Historical precedents
CPT has been used as a treatment option for COVID-19 in many parts of the world. This is mostly due to good historical precedents and the absence of knock-out SARS-CoV-2 (severe acute respiratory disease coronavirus 2) antivirals at the moment.
Most published CPT studies on these diseases, however, were case series and “retrospective” comparisons of treated and non-treated individuals. These studies, however, were “uncontrolled”, accusing to Jama. Therefore, CPT’s efficacy in critically-ill patients with SARS- CoV-2 infection remains unclear.
Here’s what the current published clinical data, and preliminary studies show:
1. Randomised trial (truncated): Inconclusive result
In this trial, CPT showed no effect on elderly (mean age: 70) with severe COVID-19 during the 28-day study of 103 patients.
The trial results, published in the Journal of American Medical Association (Jama), states that CPT has "no statistically significant therapeutic effect" on patients with severe cases, especially for older patients.
The study, however, was significant: It was first randomised CPT clinical trial during an active epidemic for patients with COVID-19, reported Jama. It also used well-characterized plasma units with ”a high titer of antibody to SARS-CoV-2”. It means the plasma used on patients was robust.
“It was an important accomplishment to conduct a carefully controlled trial during a pandemic with an entirely new highly contagious disease that stressed health systems in an unprecedented way,” the journal noted.
The results, published on June 3, 2020.
One group — the experimental group — has the intervention (new treatment) being assessed, while the other — called the "control" group — has an alternative condition, such as a placebo or no intervention.
Study flaw
The study, however, had one major flaw. It aimed to enroll 200 patients, but was ended with only 103 patients (randomisation was stratified by disease severity).
The reason: new cases were unavailable for inclusion because the COVID-19 outbreak in China was being contained. In short, the trial was stopped halfway through planned enrollees. One outcome from this study was that it’s “underpowered”, Jama stated.
The 103 patients were randomised, with median age of 70 years. The study included 60 male (58.3%), and 101 (98.1%) completed the trial.
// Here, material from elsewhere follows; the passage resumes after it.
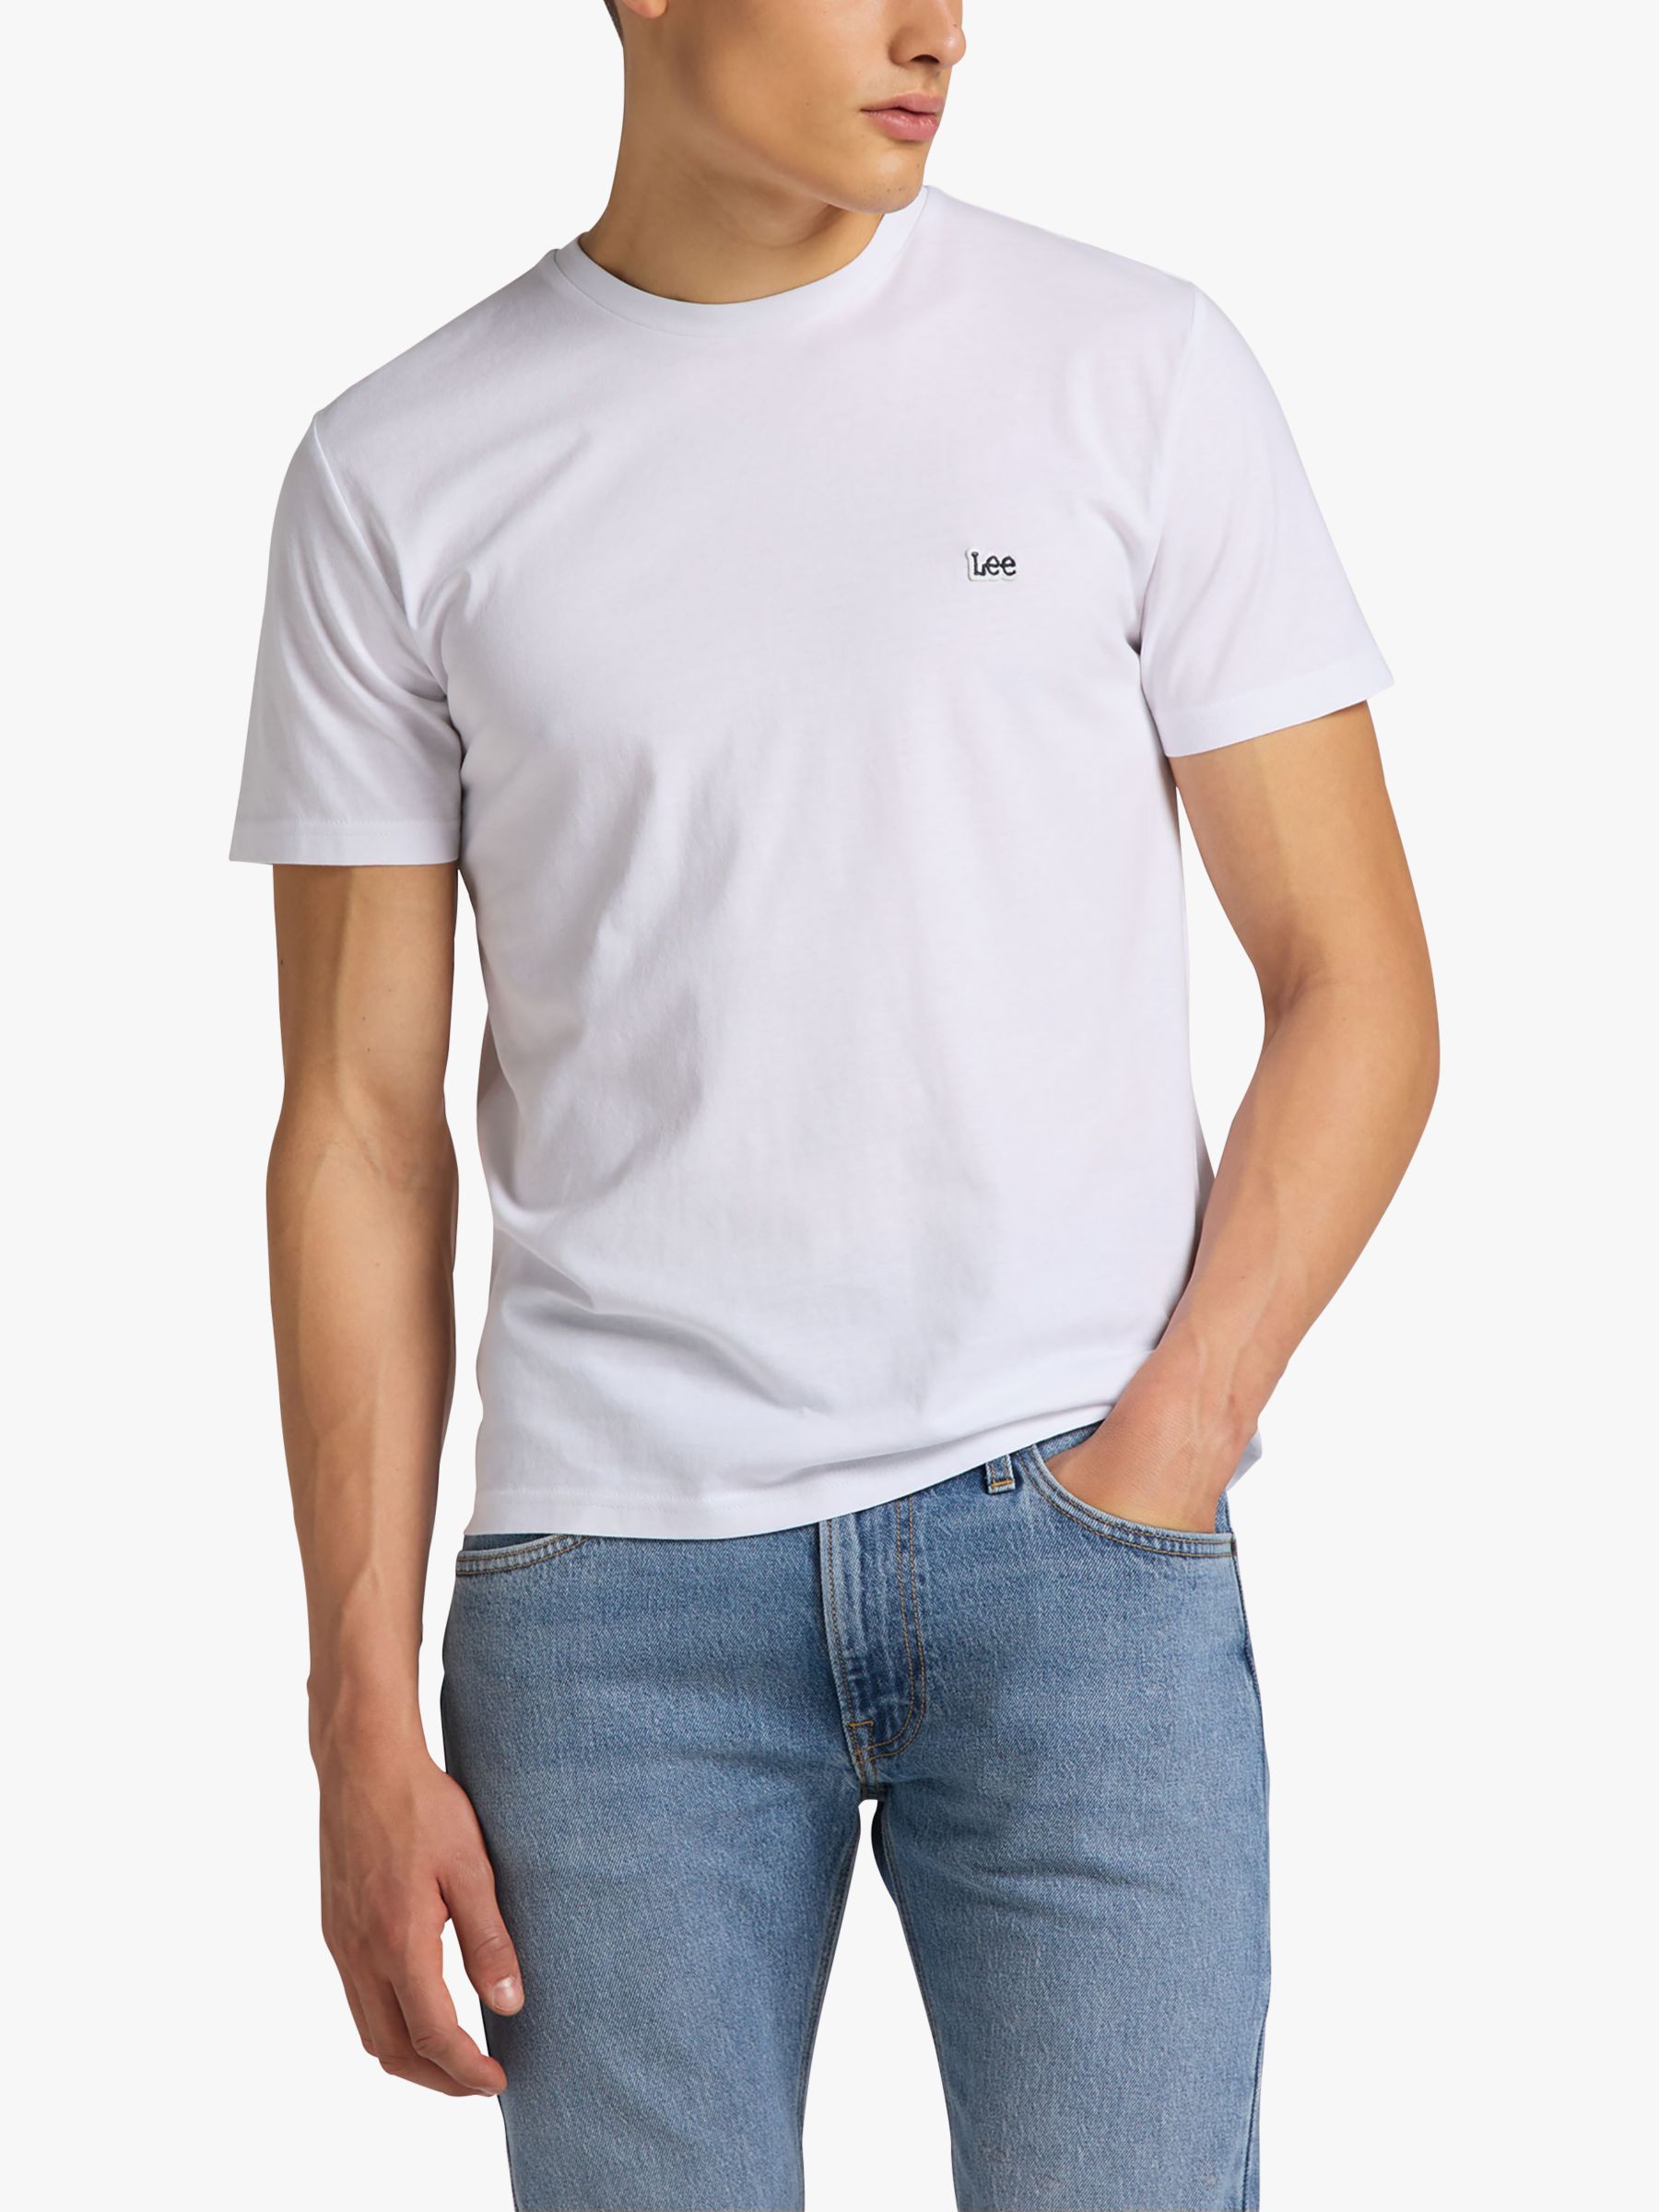 Lee Regular Fit Cotton Logo T-Shirt, White at John Lewis & Partners

The research team was led by Dr Ling Li of the Institute of Blood Transfusion, CAMS and Peking Union Medical College, in Chengdu, and Dr Wei Zhang, of Guanggu District Maternal and Child Health Hospital of Hubei Province, in Wuhan.
There’s one significant result in this study: Clinical improvement occurred within 28 days in 51.9% (27/52) of the convalescent plasma group — against 43.1% (22/51) in the control group — an 8.8% difference.
Among those with severe COVID-19 infections, the primary outcome occurred in 91.3% (21/23) of the convalescent plasma group — against 68.2% (15/22) of the control group — a 23.1% difference.
Among those with life-threatening COVID-19, the primary outcome occurred in 20.7% (6/29) of the convalescent plasma group versus 24.1% (7/29) of the control group.
Researchers, moreover, noted "no significant difference” in 28-day mortality (15.7% vs 24.0%) or time from randomisation to discharge (51.0% vs 36.0% discharged by Day 28).
Viral test
However, the researchers found that CPT was associated with a “negative conversion rate of viral PCR at 72 hours in 87.2% of the convalescent plasma group vs 37.5% of the control group”.
87.2 %
percentage associated with a “negative conversion rate of viral PCR at 72 hours of the convalescent plasma group (against 37.5% of the control group) in the Chinese clinical study. [https://bit.ly/2DdIRA5]This can be taken to mean that using the highly accurate molecular test (PCR), negative result of SARS-CoV-2 viral RNA test among the CPT group at Day 3 is quite high, at 87.2%.
Dr Ling Li’s team, however, concluded that given the evidence on hand, CPT had no statistically significant effect on those with severe or life threatening COVID-19 infection". “Among patients with severe or life-threatening COVID-19, convalescent plasma therapy added to standard treatment, compared with standard treatment alone, did not result in a statistically significant improvement in time to clinical improvement within 28 days.”
The researchers pointed out that their interpretation is limited by the trial’s early termination, which resulted in the inability to detect any important difference.
2. Dubai trial: 170 patients successfully treated with CPT
Dubai clinicians have reported successful treatment of at least 170 COVID-19 given CPT. A research team at the Infectious Diseases Department at Dubai’s Rashid Hospital administered the transfusion.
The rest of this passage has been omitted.